Ramadan and rotis go hand-in-hand, but please, makan in moderation! Roti is dense in empty calories and fat. Instead, try chapatti, which has ten times less fat content and 1/5 the calories! Or, try wholemeal pitta bread and some homemade hummus – the delicious Middle Eastern dip is easier to make than you might think!

Some quick top tips:

  • Dates are a great way to start and finish the evening meal, providing an excellent dessert option compared to the calorie-rich kuih.
  • Coconut milk is a classic ingredient and full of vitamins – but also full of cholesterol and saturated fat. Swap for regular milk where possible!
  • Stay away from sugary soda drinks and avoid teh tarik (we know, it’s tough); coffee and teas are diuretics and can lead to increased dehydration. Stick to water and natural fruit juices.
  • Choose boiled vegetables over fried, as these contain zero oil! And keep it colourful – different coloured fruits and vegetables provide necessary nutrients for defence against illness.

Doing some light exercise while fasting is a great way to keep blood circulating and boosts our body’s fat burning processes. However, avoid high intensity exercise and drink plenty of water between iftar and suhur (coconut water is especially good as it contains essential electrolytes)

A Ramadan buffet or bazaar is a rewarding way to break fast, with a variety sure to satisfy any type of cravings – and saves doing the cooking and cleaning after a big buka puasa at home!

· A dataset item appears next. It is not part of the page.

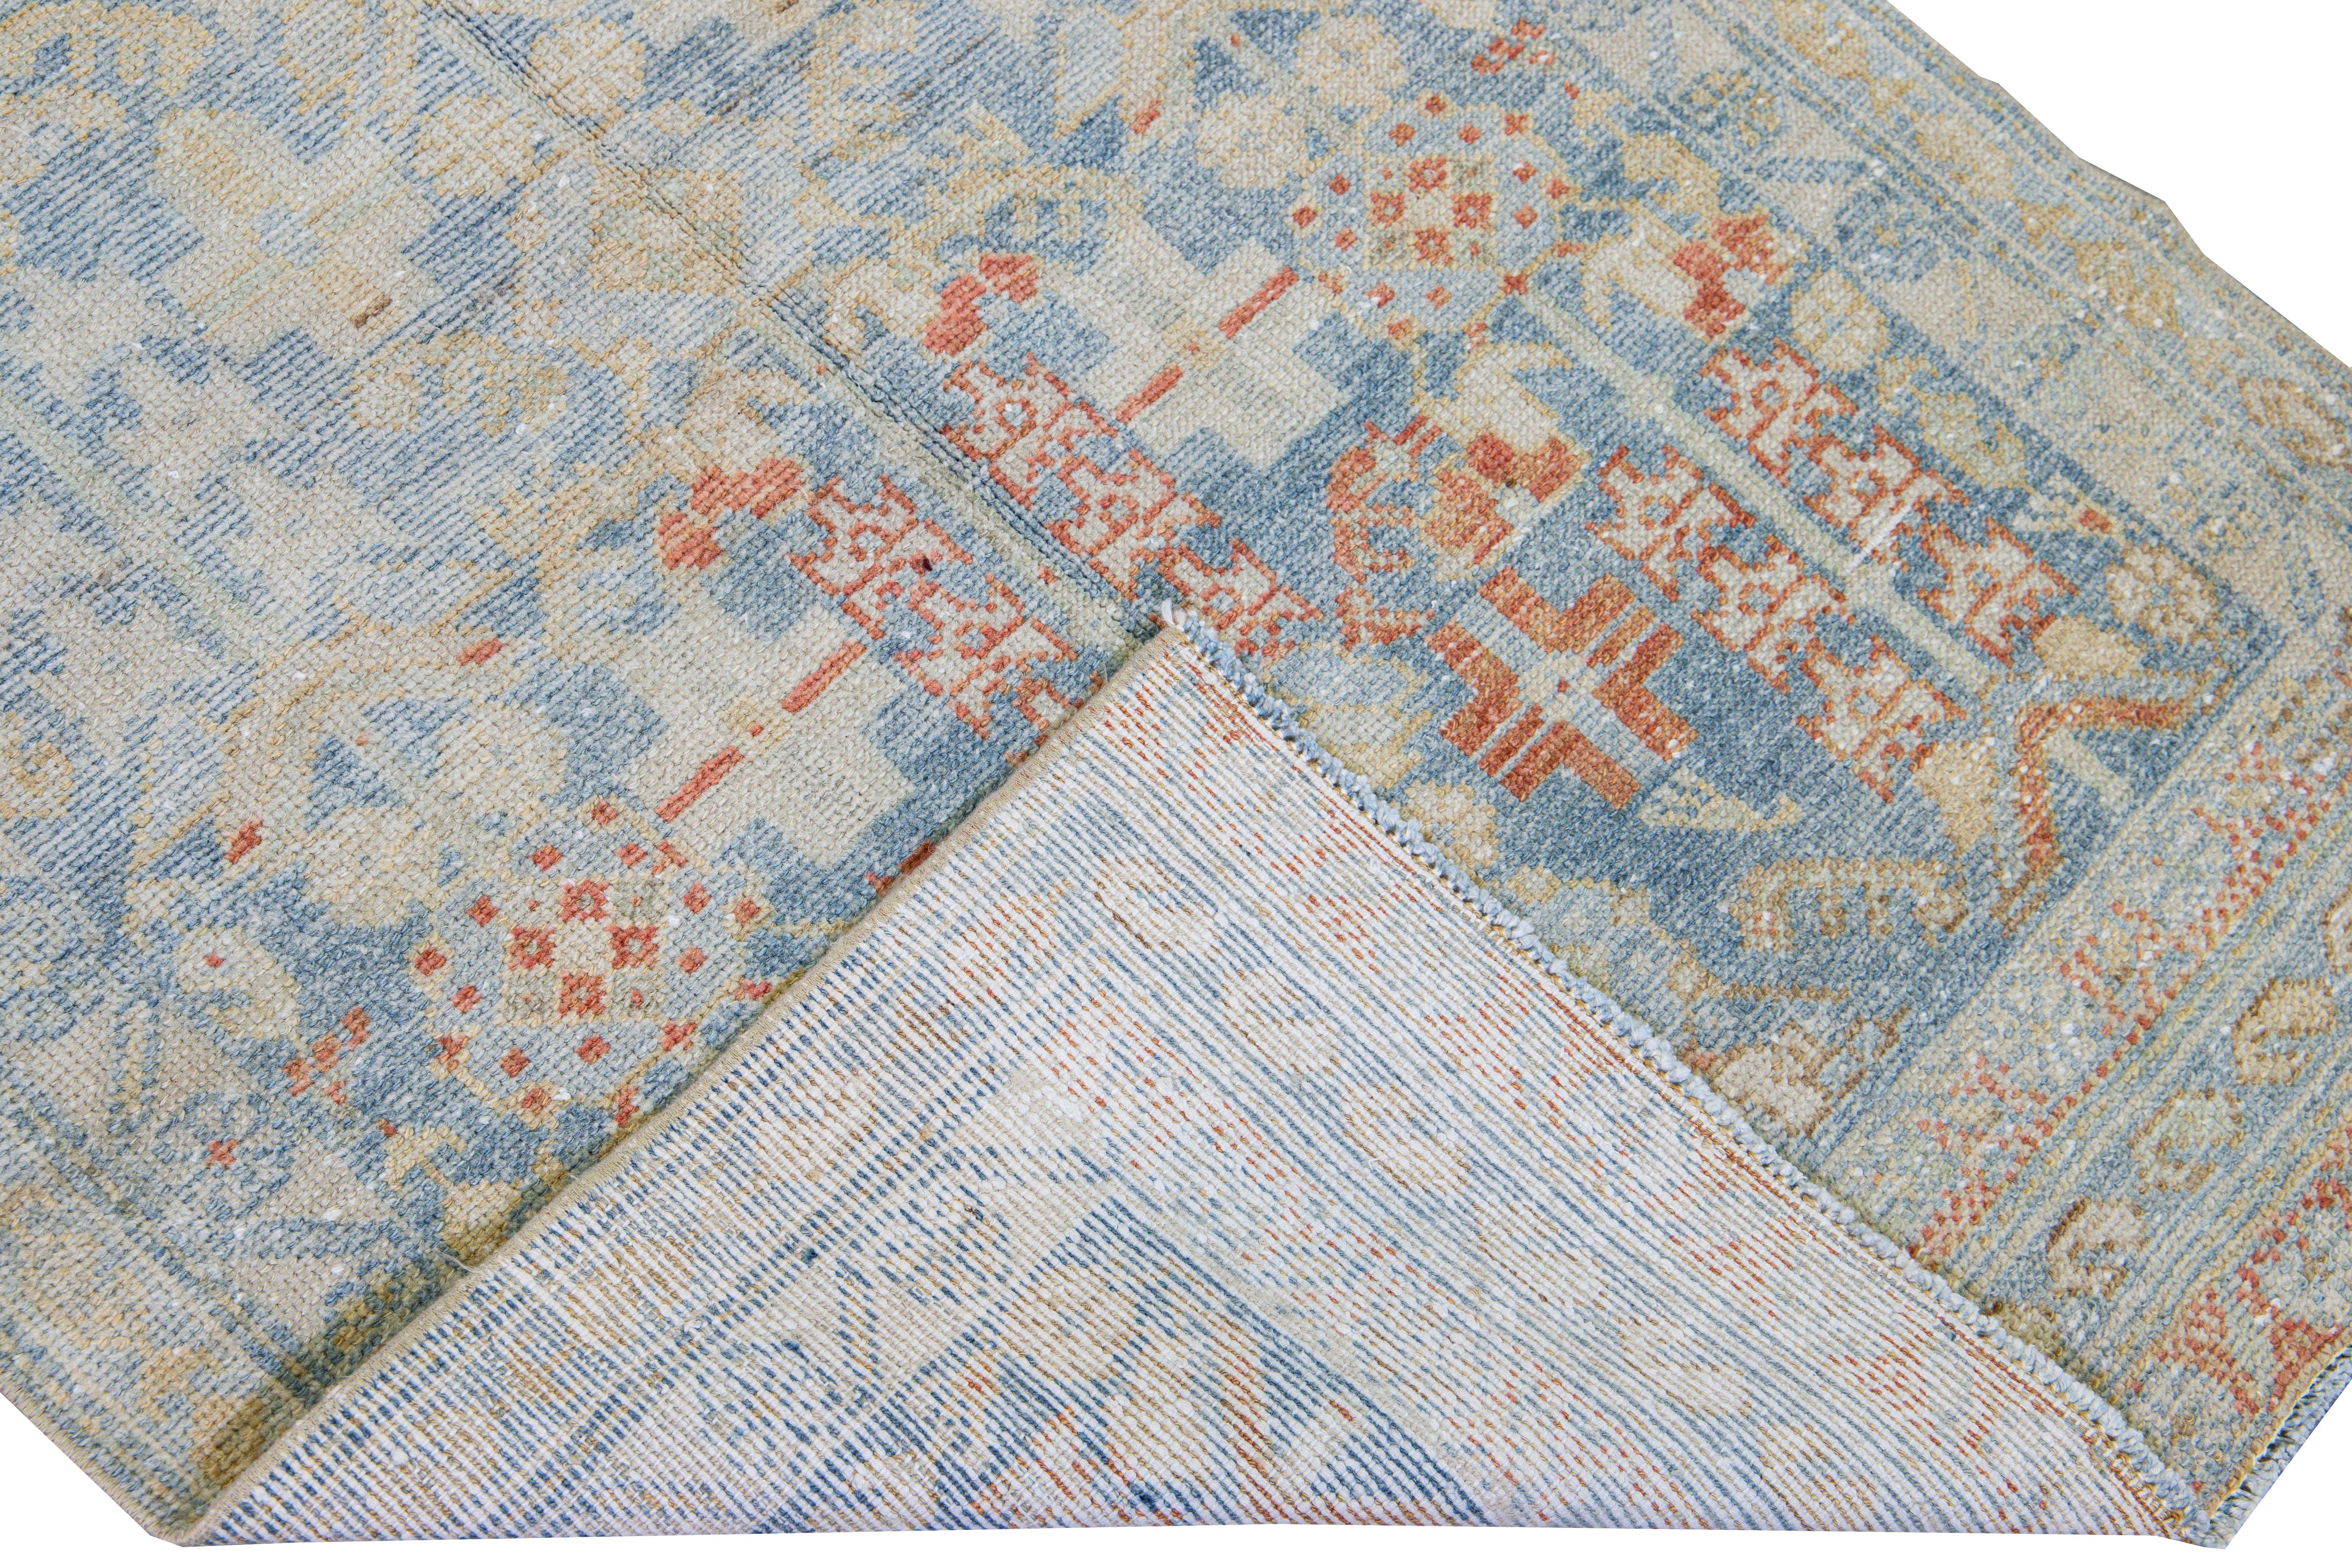 Beautiful vintage Malayer hand-knotted wool runner with a blue field. This Malayer rug has a beige frame and accents of rust in an all-over gorgeous geometric medallion floral pattern design.

This rug measures: 3' x 13'1

  • Local bazaars at TTDI and Telawi Bangsar, where you’ll find an awesome atmosphere and certain specialities such as spiced tofu which are only available during Holy Month.
  • For a five-star feast, try out a buffet at some of the best five-star hotels in the city, featuring local and international favourites. Charcoal at Saujana Hotel KL even offers a Japanese section, featuring the freshest sushi, sashimi and seafood; and for sheer indulgence, the Sheraton Imperial KL’s Ramadan spread offers over 200 dishes from across all of Asia lined up along a 120m long buffet table!